> [Collected data]
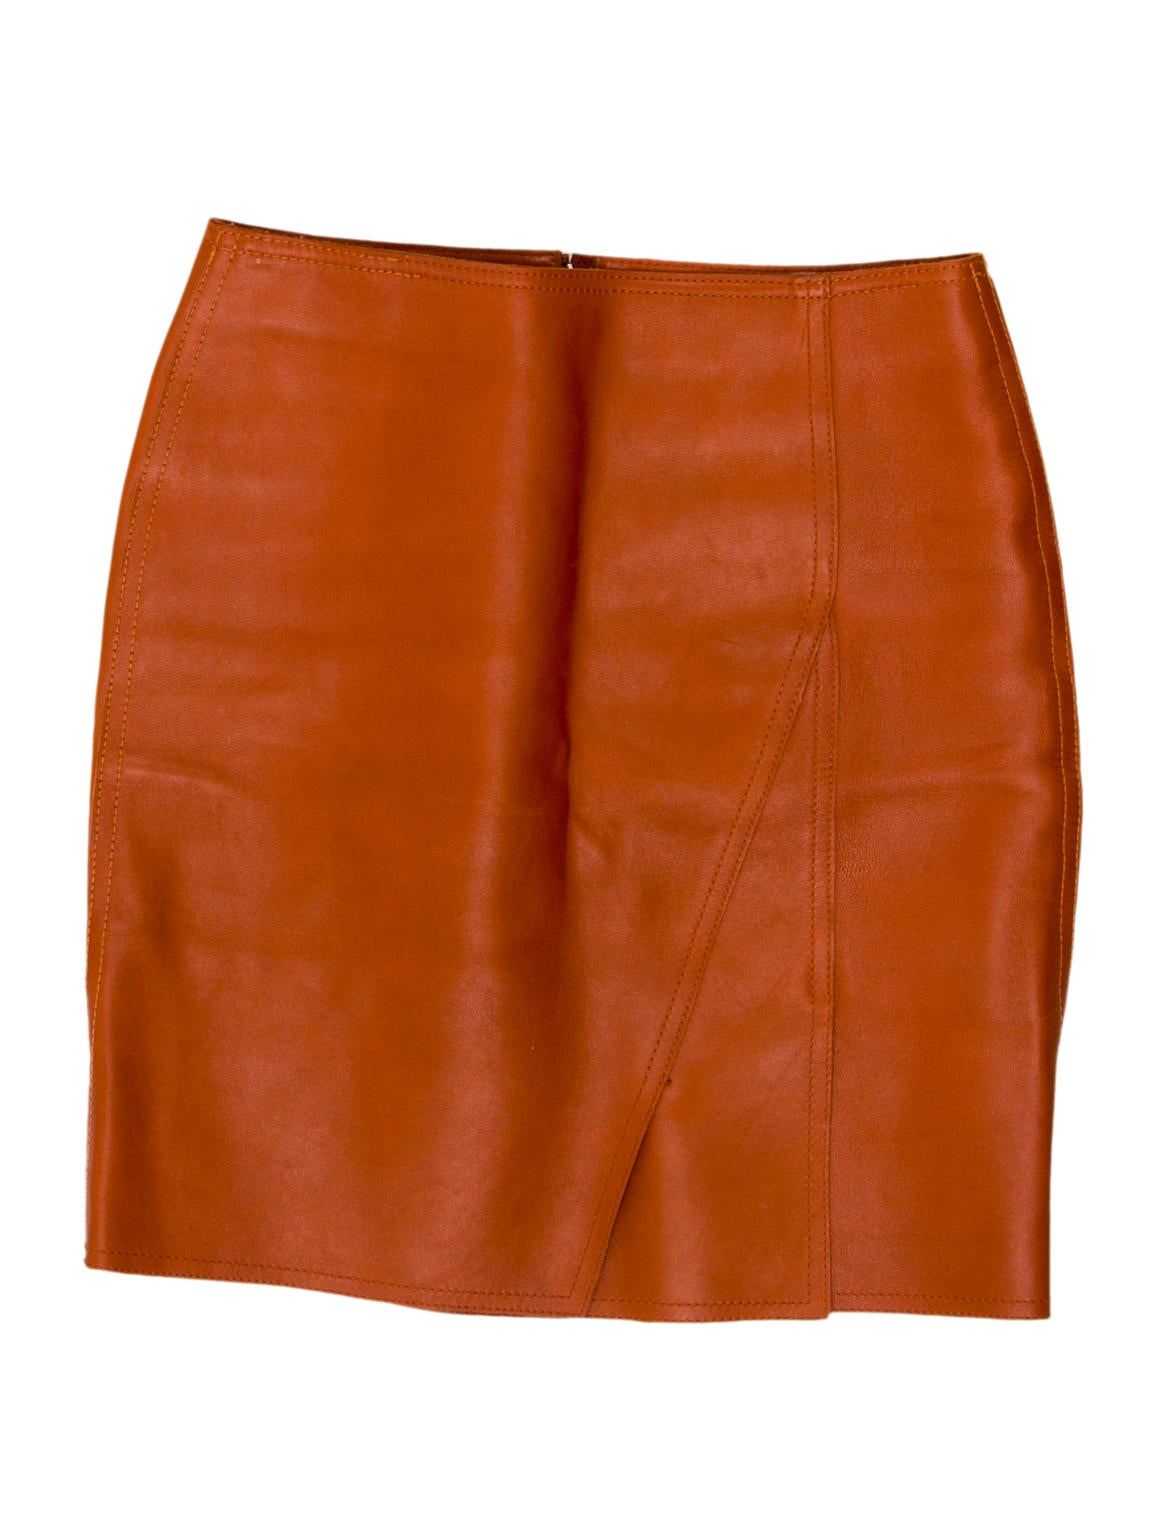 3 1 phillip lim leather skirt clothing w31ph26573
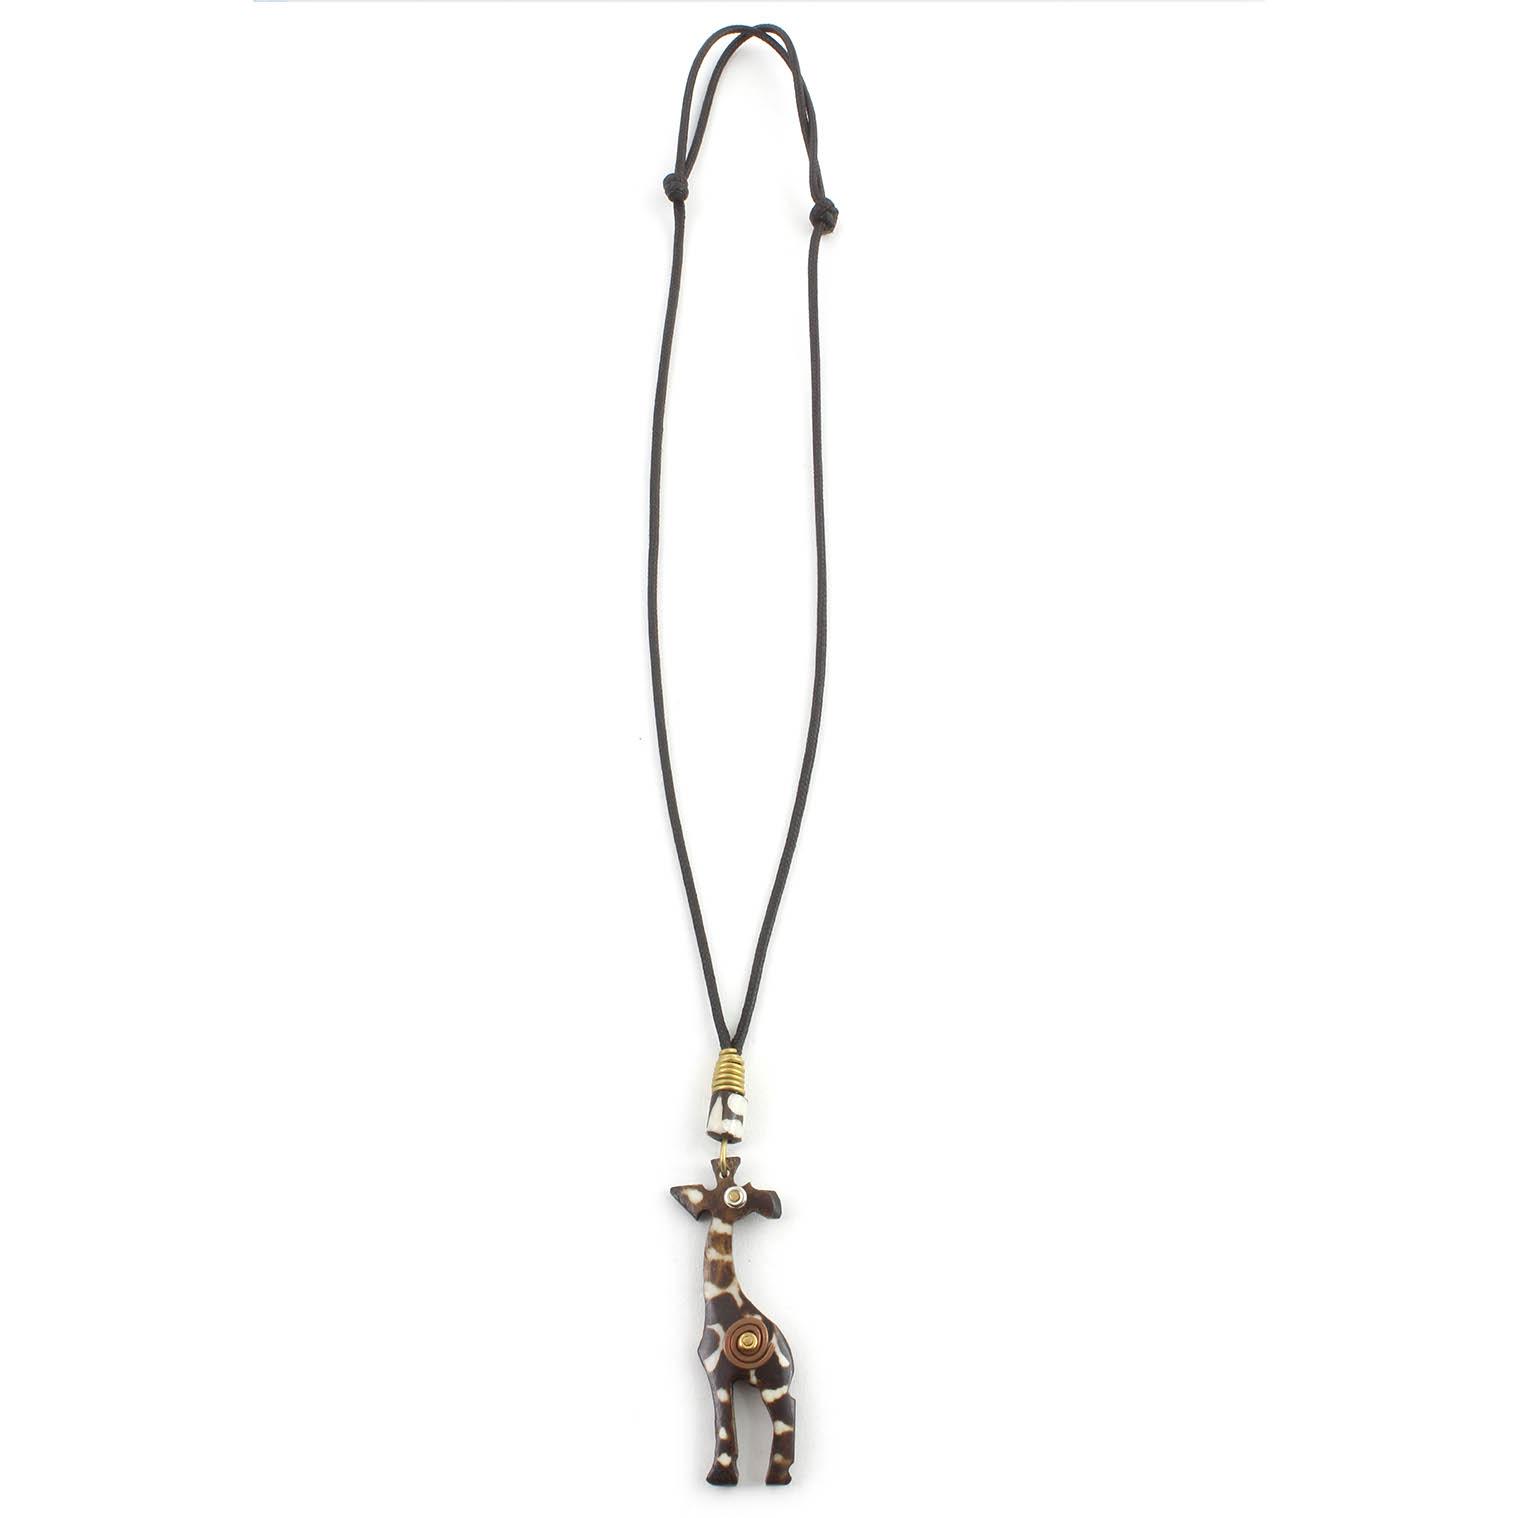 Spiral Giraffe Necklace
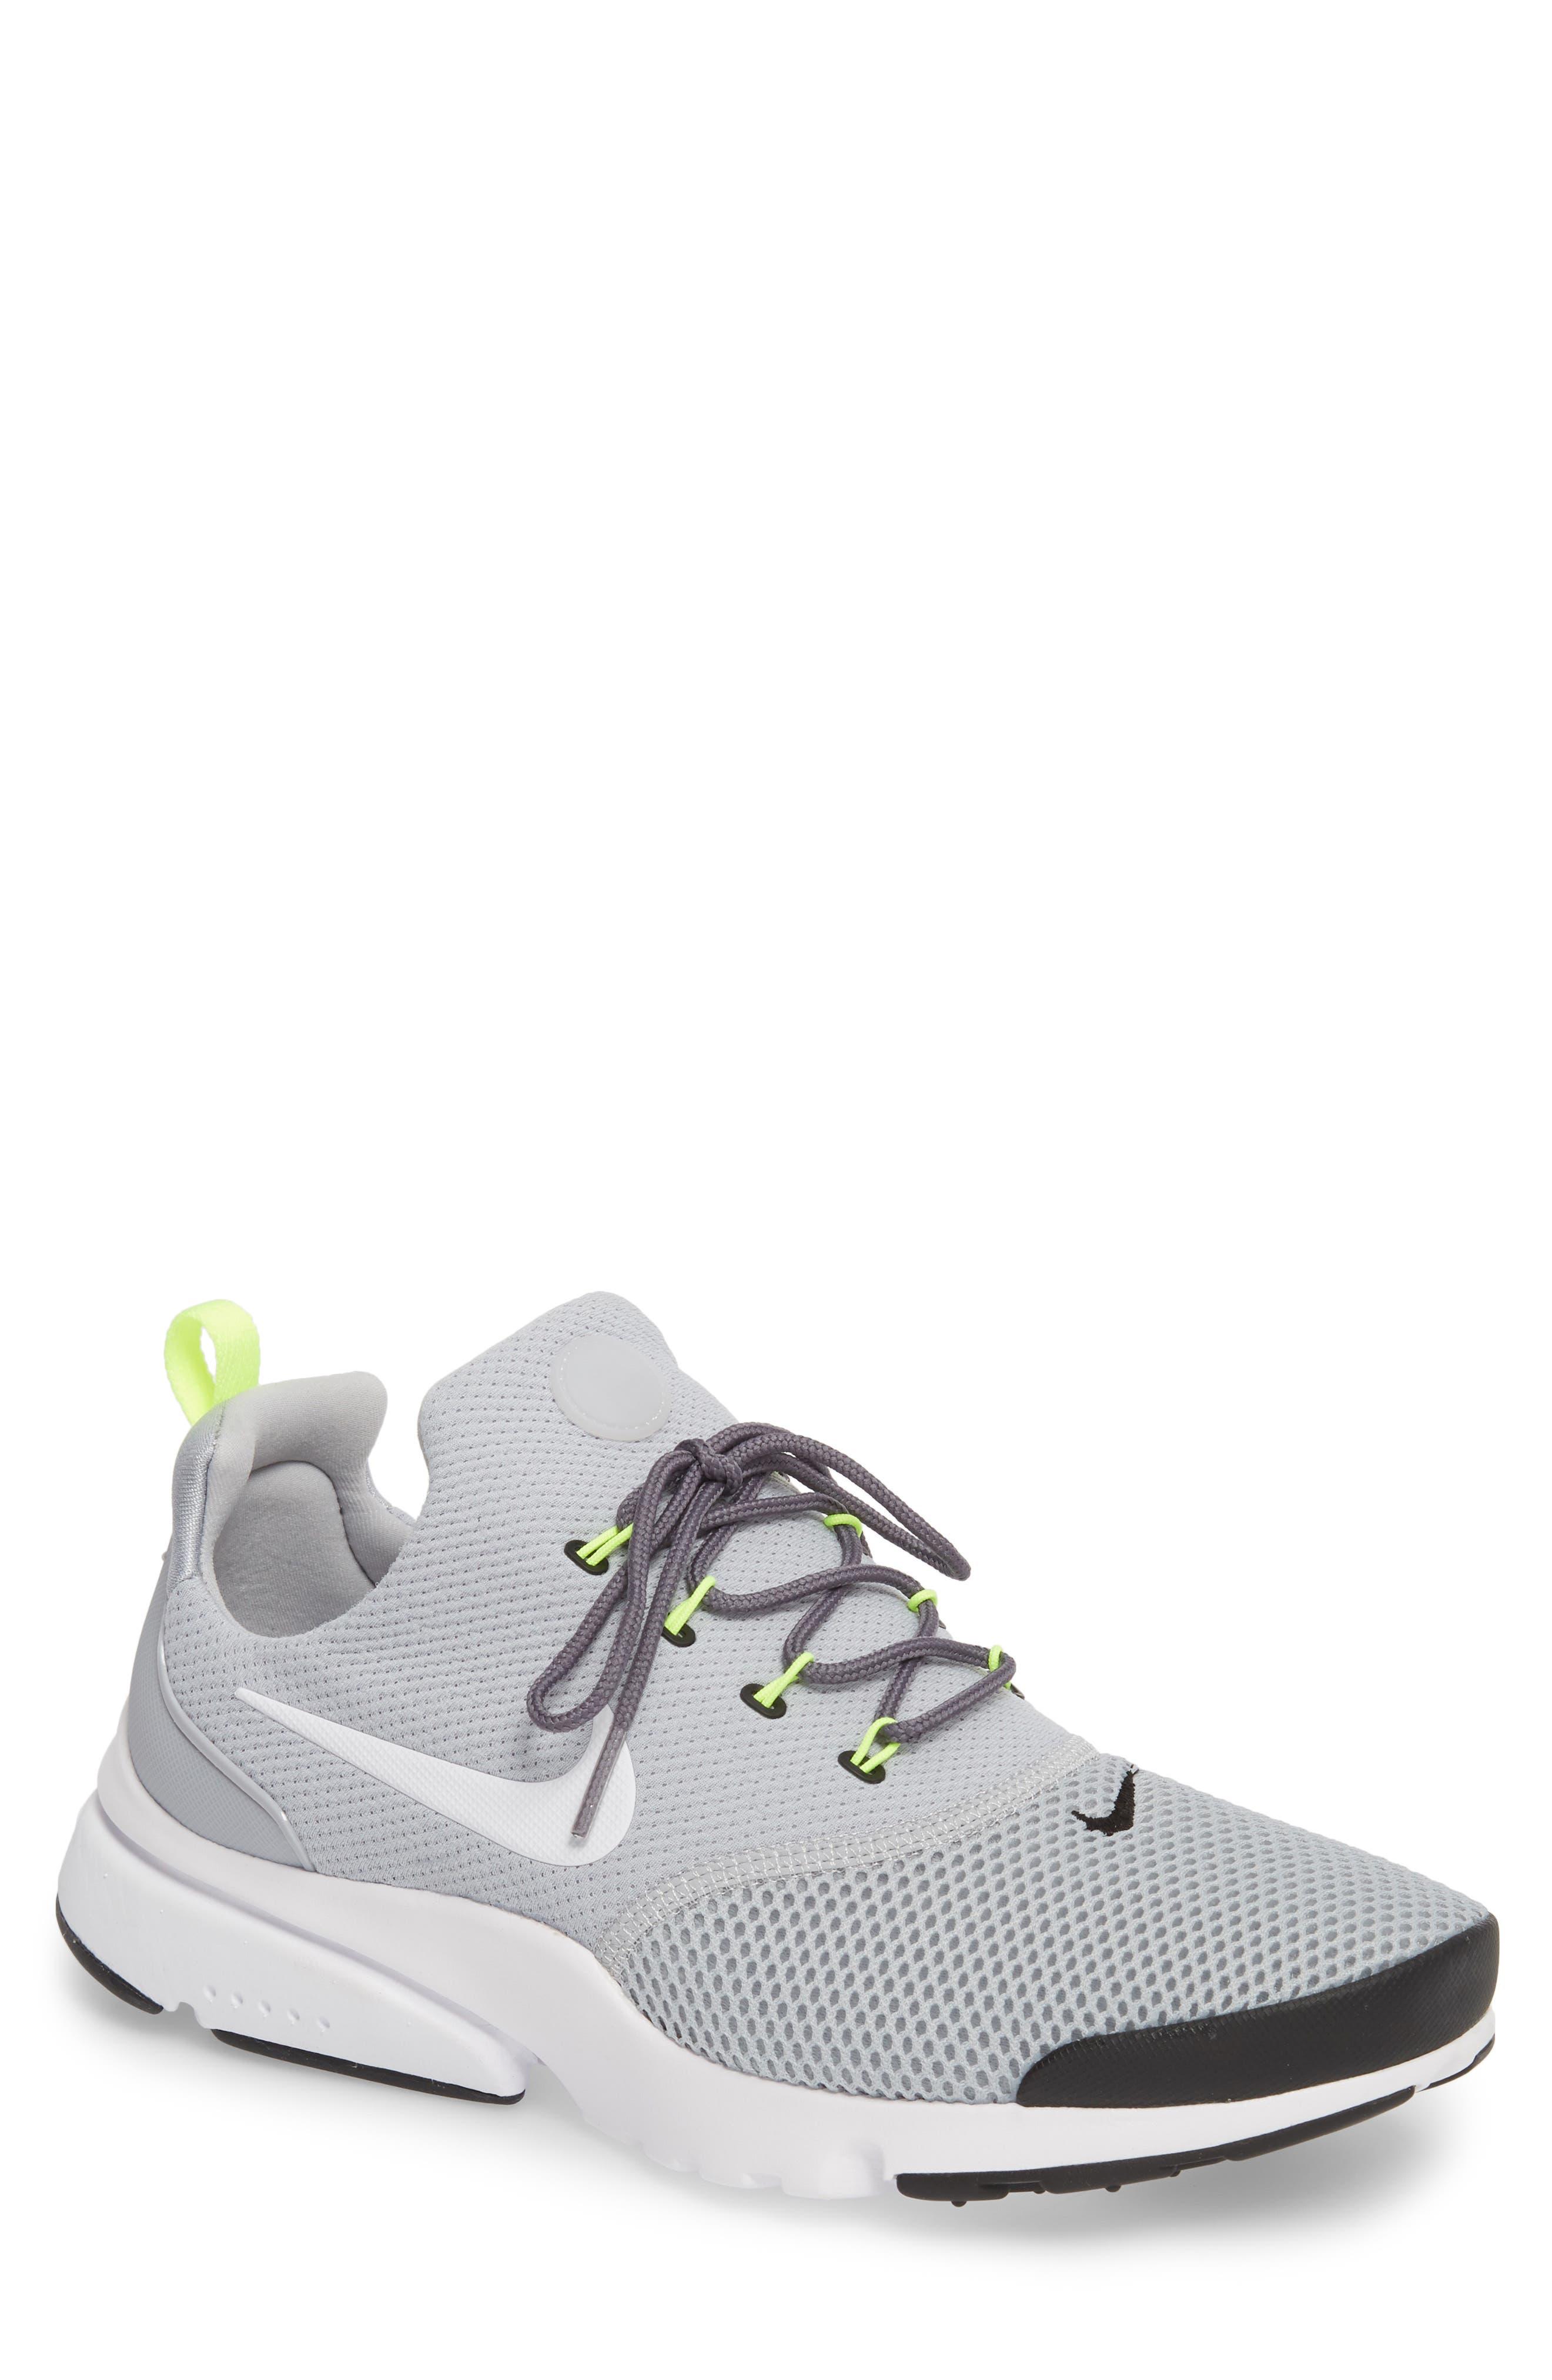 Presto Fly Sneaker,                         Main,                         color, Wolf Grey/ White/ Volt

> [The task] Every word of the material, and none of its pictures, should be set down again.

> [Problem solution]
 3 1 phillip lim leather skirt clothing w31ph26573
 Spiral Giraffe Necklace
 Presto Fly Sneaker,                         Main,                         color, Wolf Grey/ White/ Volt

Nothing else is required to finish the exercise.